What the task requires =
Print out the full material below, exact in every line, with no images included.

Collected material =
..........

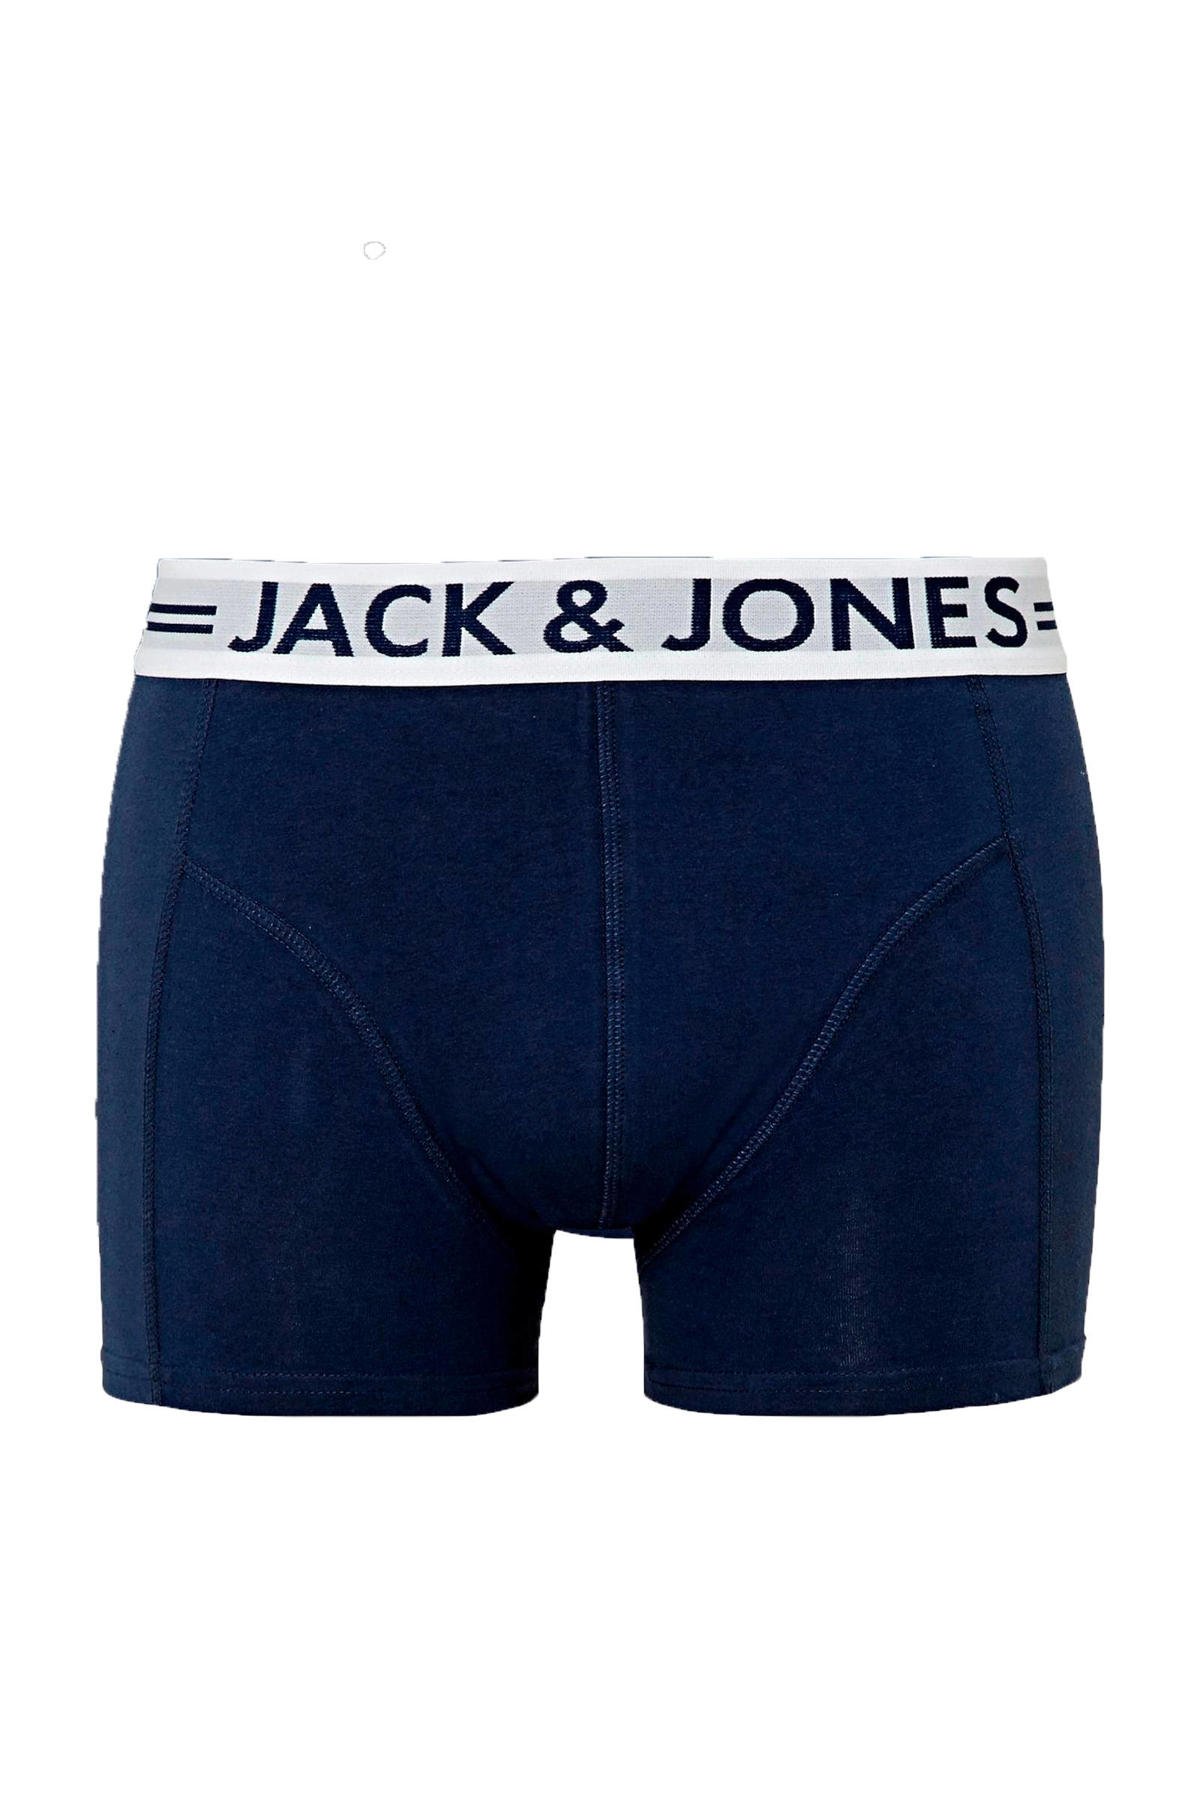 taart hardop donker JACK & JONES boxershort JACSENSE donkerblauw | wehkamp
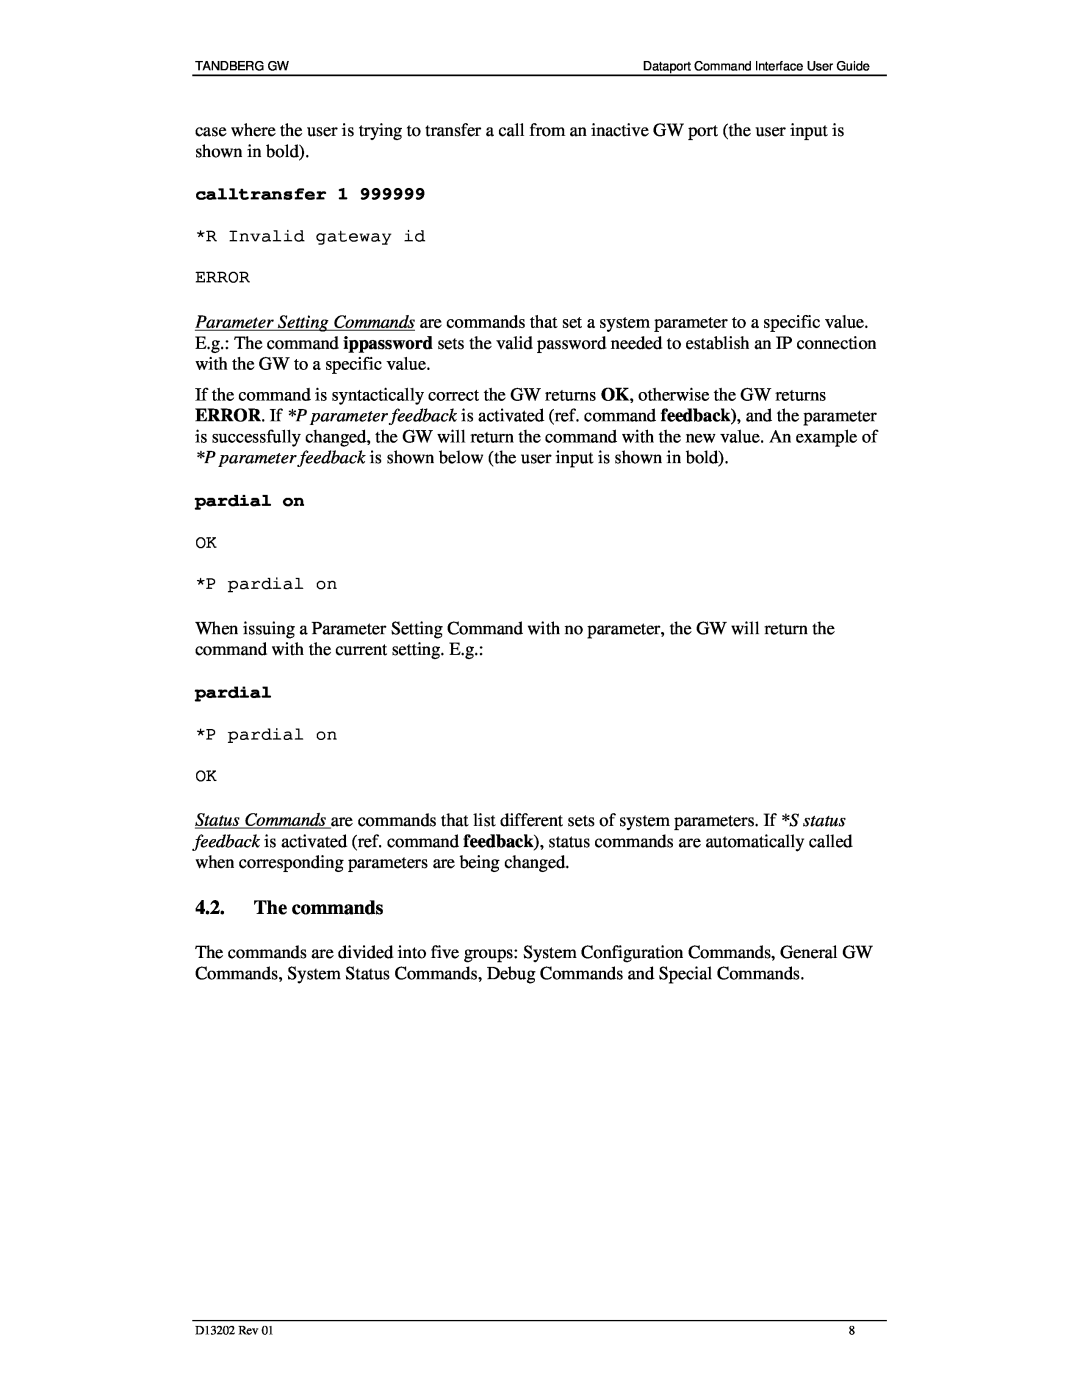 TANDBERG D13202 manual The commands, calltransfer 1, pardial on 
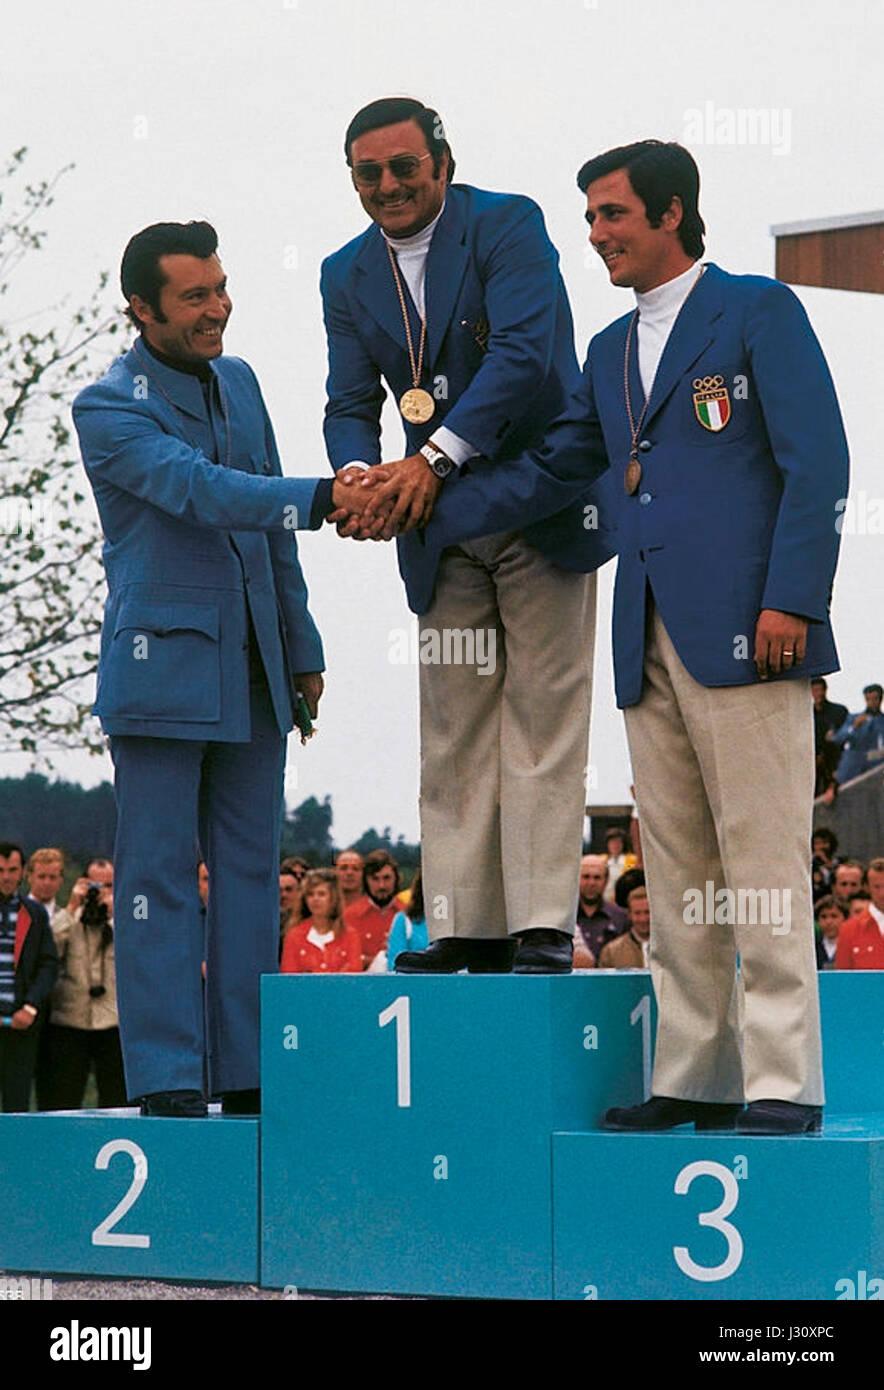 Michel Carrega, Angelo Scalzone, Silvano Basagni 1972 Stock Photo

..........

Written reply =
 taart hardop donker JACK & JONES boxershort JACSENSE donkerblauw | wehkamp
 TANDBERG D13202 manual The commands, calltransfer 1, pardial on 
 Michel Carrega, Angelo Scalzone, Silvano Basagni 1972 Stock Photo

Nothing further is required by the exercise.